Kendall McIntosh was an anchor in goal. In front of him, Modou Jadama became a constant in central defense, usually next to either Roy Miller or Bill Tuiloma. Mulligan and Smith combined with Marco Farfan to give the team something predictable wide. As the team’s attacking and midfield identities built, so did the cohesion at the back.
Over the past month, though, that cohesion has had to give way to something else. Miller picked up an injury, while first-team commitments for Farfan, Jadama and Tuiloma have offered Knowles less time for their use. But as players like Smith, Arturo Diz Pe and Max Ornstil have stepped up, another virtue of 2018’s growth has been revealed.

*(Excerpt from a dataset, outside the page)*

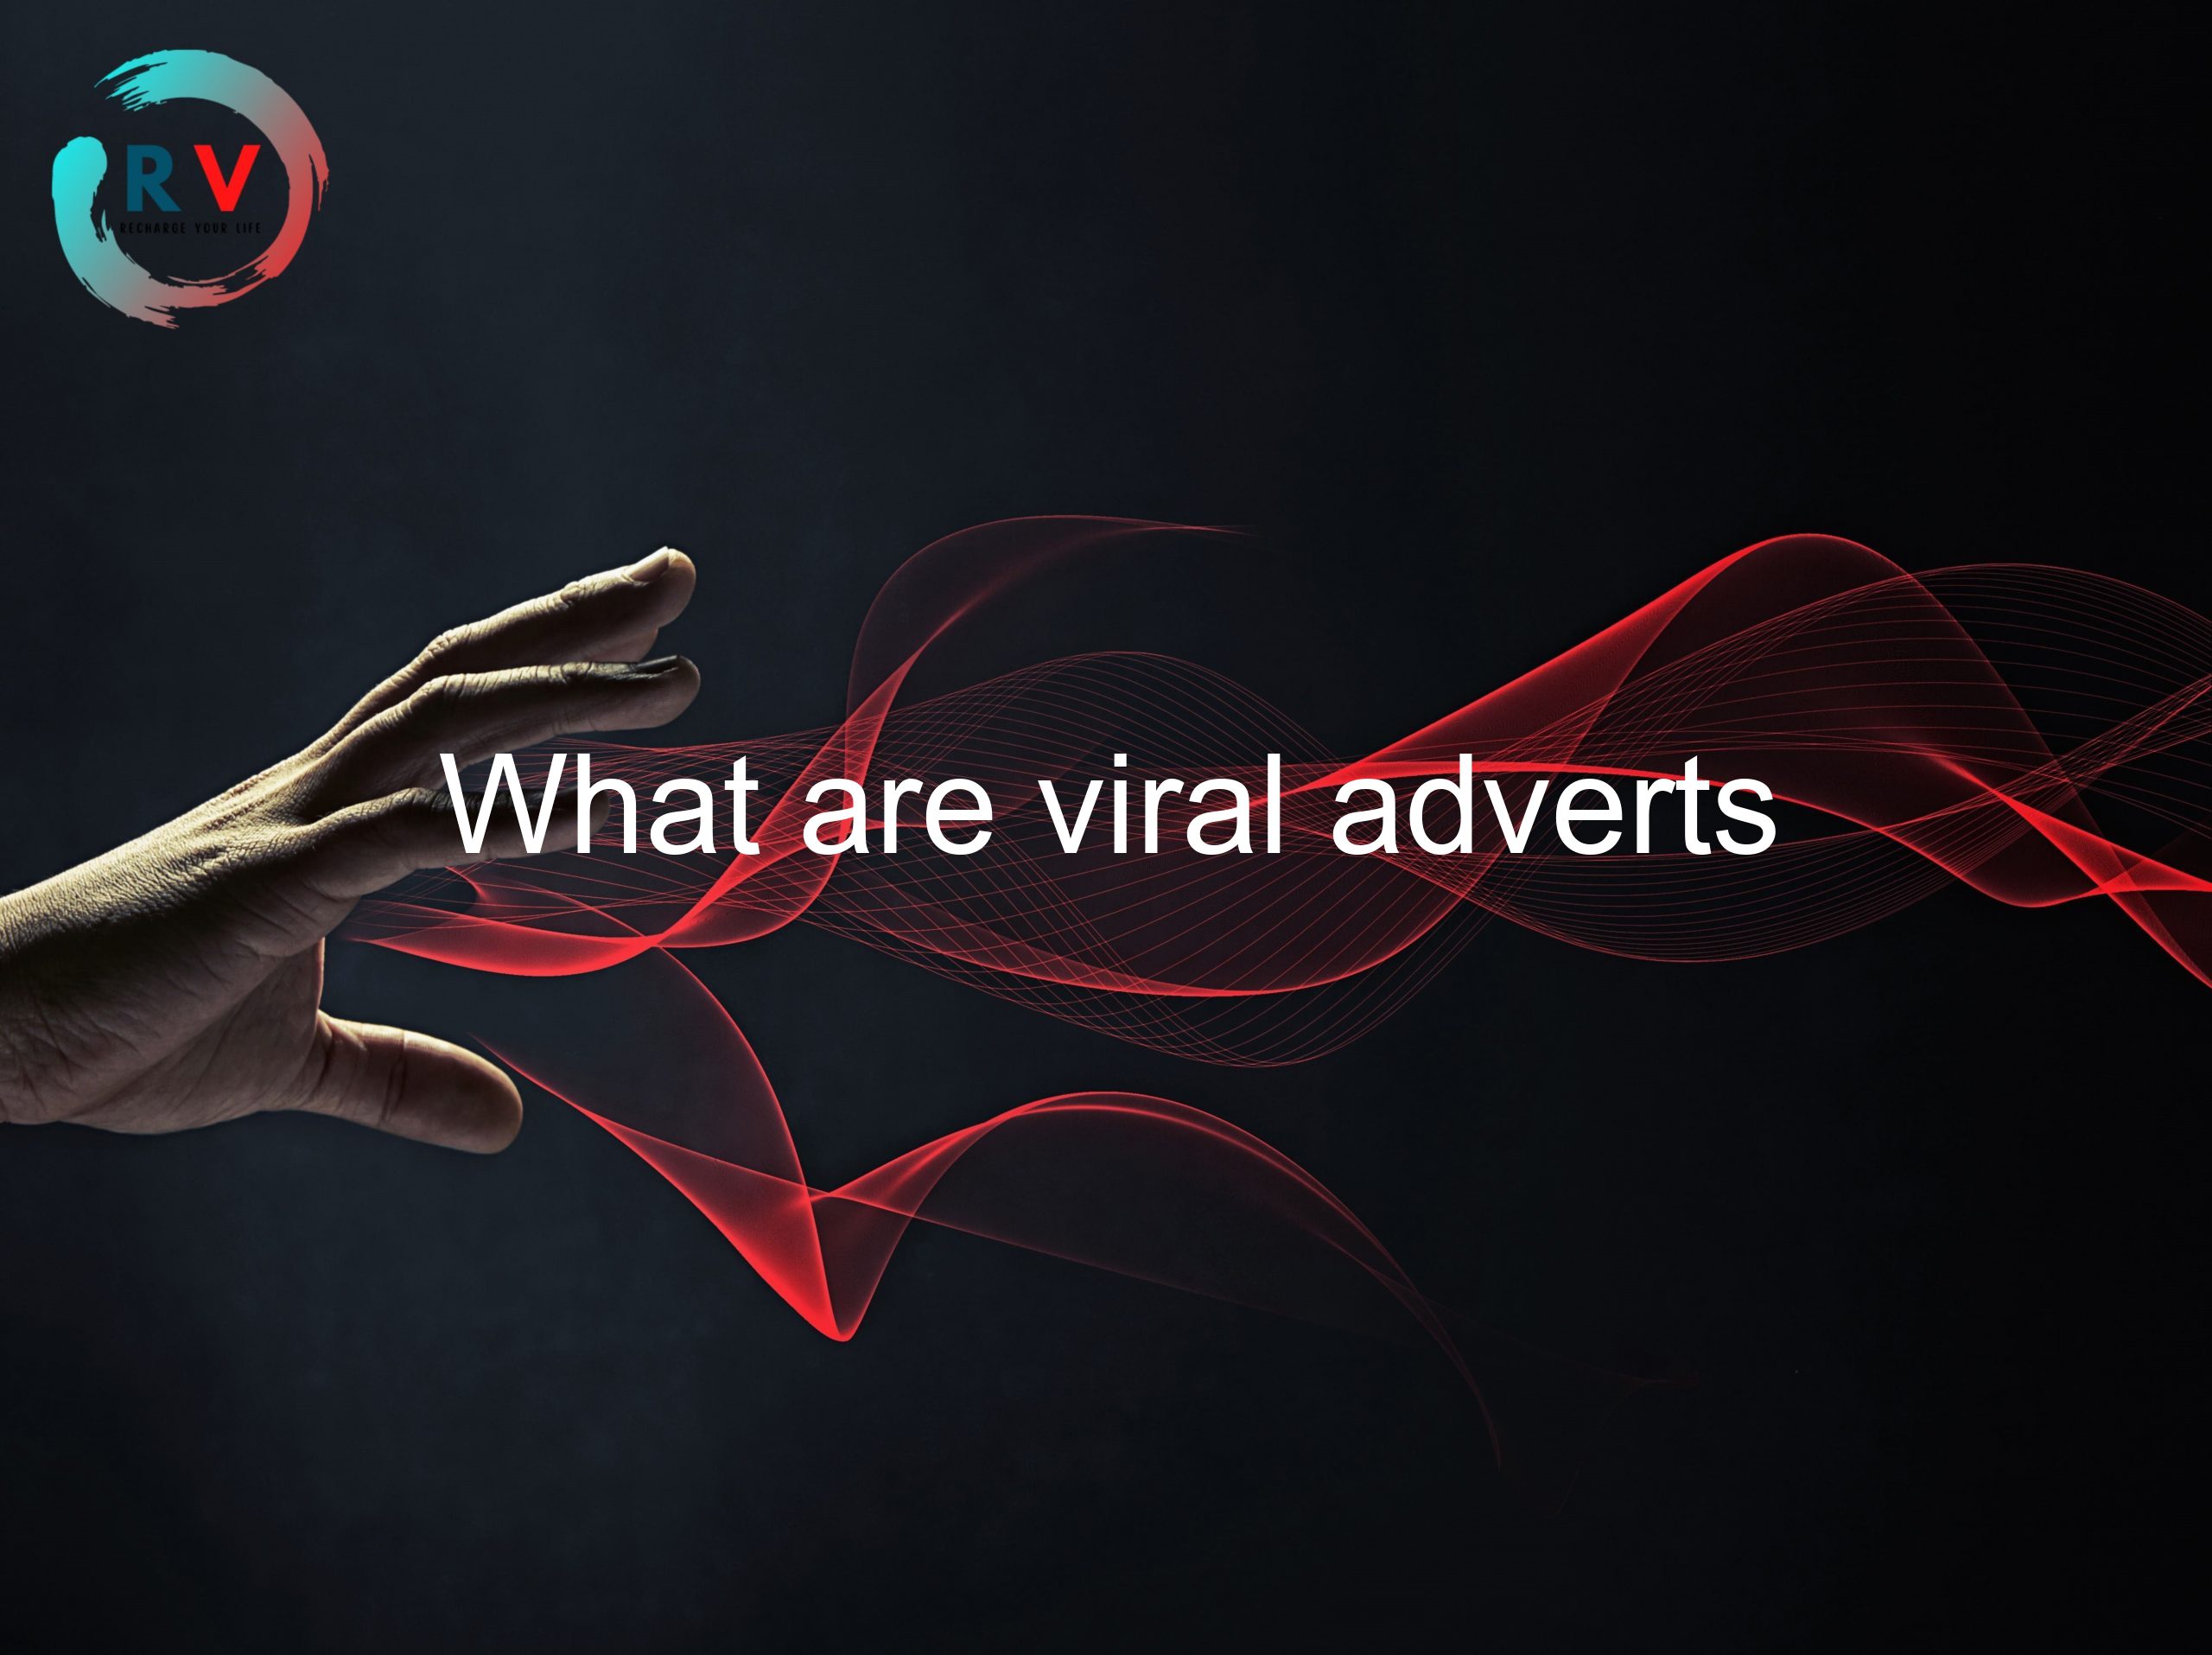 What are viral adverts

“We’ve got guy that have settled into roles that now, when they step in, they feel like it’s their team, as well,” Knowles explains. “Because they’ve played a lot of games. It’s not just that they’re doing someone’s job from a week or two. We’ve got this buy-in from everyone. They have ownership over this team, the direction that it’s going to be in.”
Reinforcing the finish
A four-match losing streak that ended in the middle of July briefly cast T2 out of the Western Conference’s playoff picture. Since, T2 has gone 8-3-2, leveraging the stability they built before their mid-year downturn to reinforce their finish.

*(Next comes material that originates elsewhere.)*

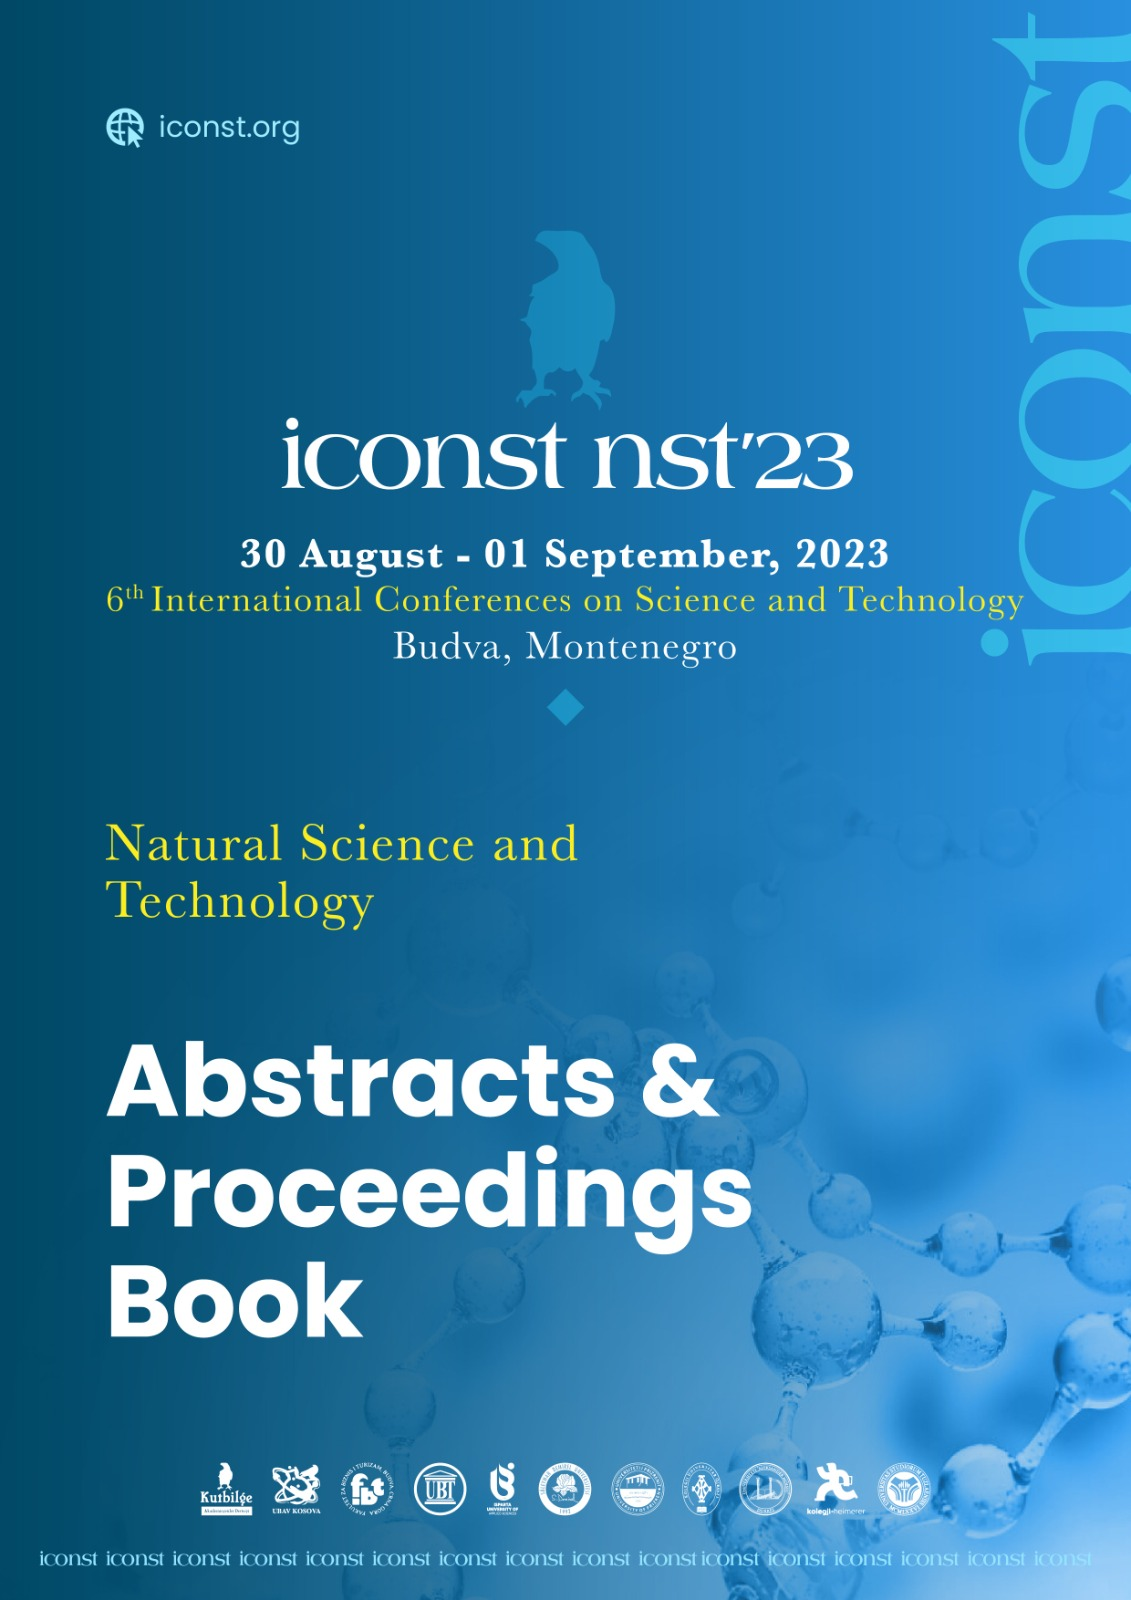 Abstracts & Proceedings Book

A major part of that finish, though, was making Portland a place opponents should fear. As both the Timbers and Thorns FC have found during their existences, Portland can almost serve as a reprieve for visiting players – an exciting place to make memories by beating your hosts.

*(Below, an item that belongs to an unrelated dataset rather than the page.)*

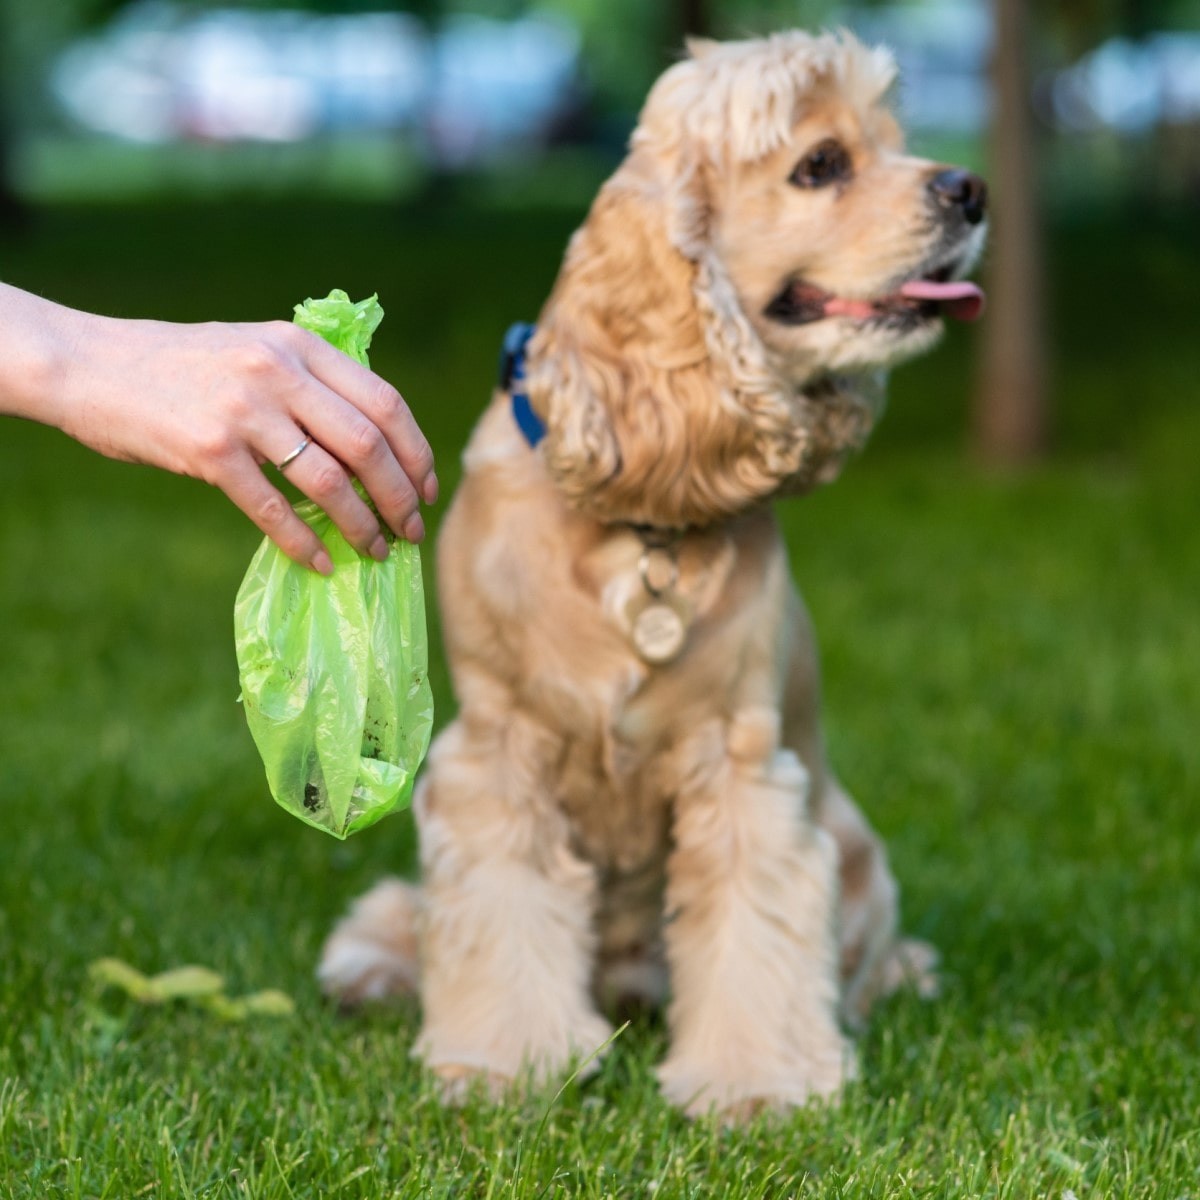 Woman holding a bag of dog poop at the park

Coming into August, T2 was only 5-6-0 at home. They had given up 27 goals in 11 home games and given USL the impression that memories could be made in Portland.
“When we came back, more recently, for that five-game home stretch,” Knowles recalls, still identifying the season’s key stretches, “and we hadn’t been good at home, and we knew it was going to be critical.
“We knew that teams were coming in thinking they would beat us. And we had to change that.”
In some ways, it was the season’s second major challenge, the type of task that tells a staff how players might respond come the no-excuses time of a postseason calendar. The first challenge was at the start, when hints of 2017 leaking through the opening Seattle loss. After a long period of building, though, the team needed to draw another line.
The response: Four wins in five games; one loss to the Western Conference leaders (by one goal, on Aug. 28); outscoring their guests 13-5 over a crucial, closing months.
“We had to earn the respect of the opponent coming into Portland,” Knowles said. “We had created a narrative, if you will, that teams could hang their hats on, say, ‘listen, they’ve lost this many games, at home. We can come in. We can get points, here.’ We needed to change that.”
T2 will close 2018’s home calendar at Merlo Field on Oct. 3 against Reno 1868 FC, and if all goes right before that, the team’s next-to-last game of the regular season, a home playoff game will still be in focus. But whether the team’s Western Conference quarterfinal ends up in Portland or afar, the team is going to be in historic place for the club: those quarterfinals.